HAROLD Macmillan's name is the most widely known of the quartet of influential men whose lives are chronicled in a new book which will appeal to those who enjoy reading about the world of high-powered politics.
Macmillan was Conservative prime minister of Britain from January 1957 to October 1963. His 'wind of change' speech about Africa was a landmark occasion and he was PM during the sex and security scandal involving Cabinet minister John Profumo, of Christine Keeler infamy.
His link with the other three, Lord Salisbury, Oliver Lyttleton and Harry Crookshank, is that they all went to Eton School, they all fought in and experienced the horror of the First World War as Grenadier Guards officers, and all became powerful figures in politics and business.
The war chapter and passages describing Macmillan's early political life are interestingly revealing.

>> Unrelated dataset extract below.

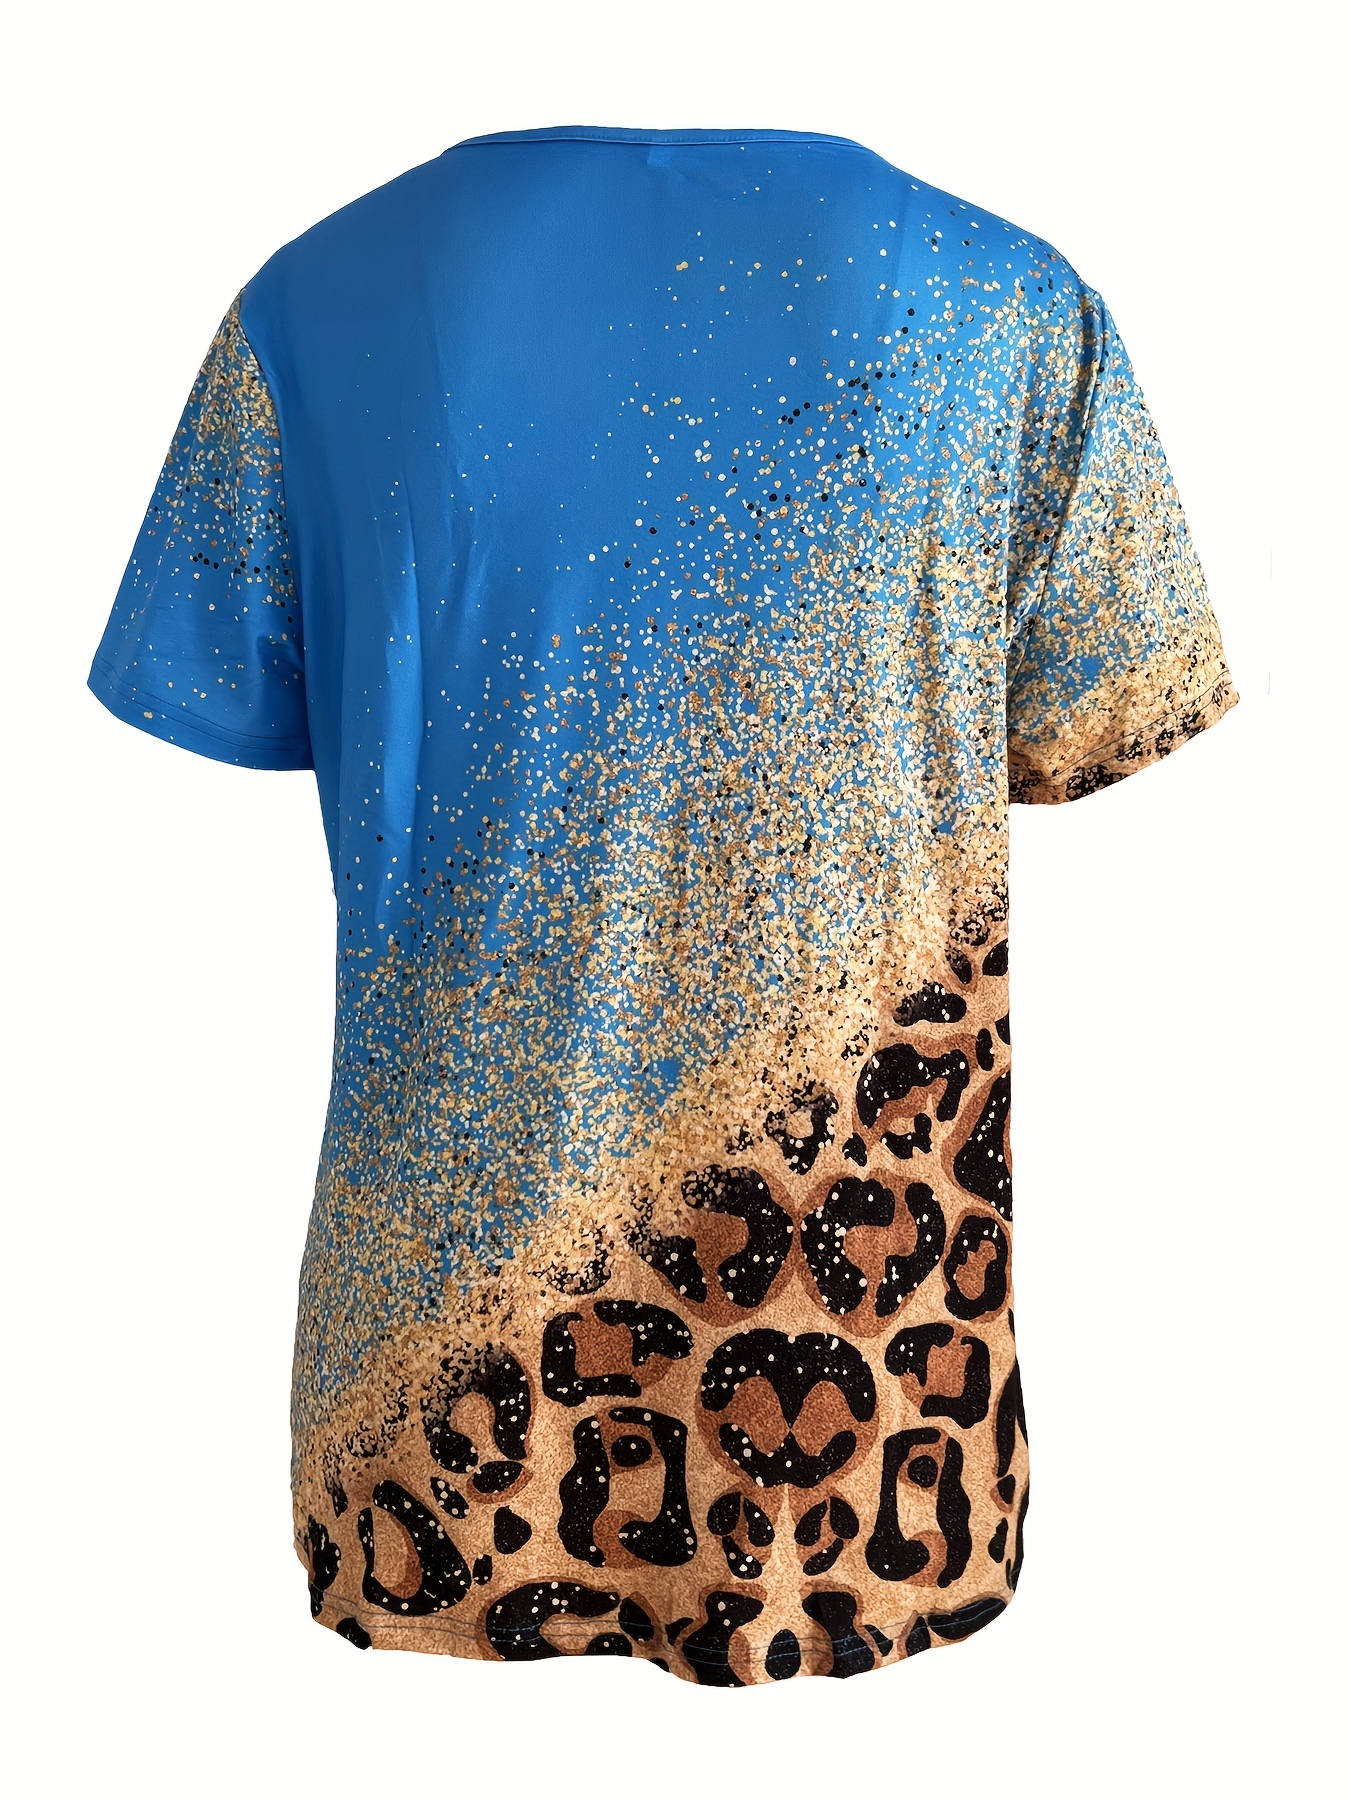 Custom Leopard Glitter Initial Graphic T-Shirt

Crookshank was castrated by an exploding shell on the Somme, but within a remarkably short period was up and about again. Macmillan, emotionally wrecked by his wife's affair with fellow politician Bob Boothby, was desperate to succeed in politics but made little headway at first as he even dabbled with Oswald Mosley's New Party in its pre-Fascist days.
The older generation will remember Macmillan, MP for Stockton on Tees, as an ageing men with sad, drooping eyes, a walrus moustache and a distinctive drawl in his voice. One of the valuable insights of The Guardsmen is to discover the early lives of the quartet and the paths that took them into public life.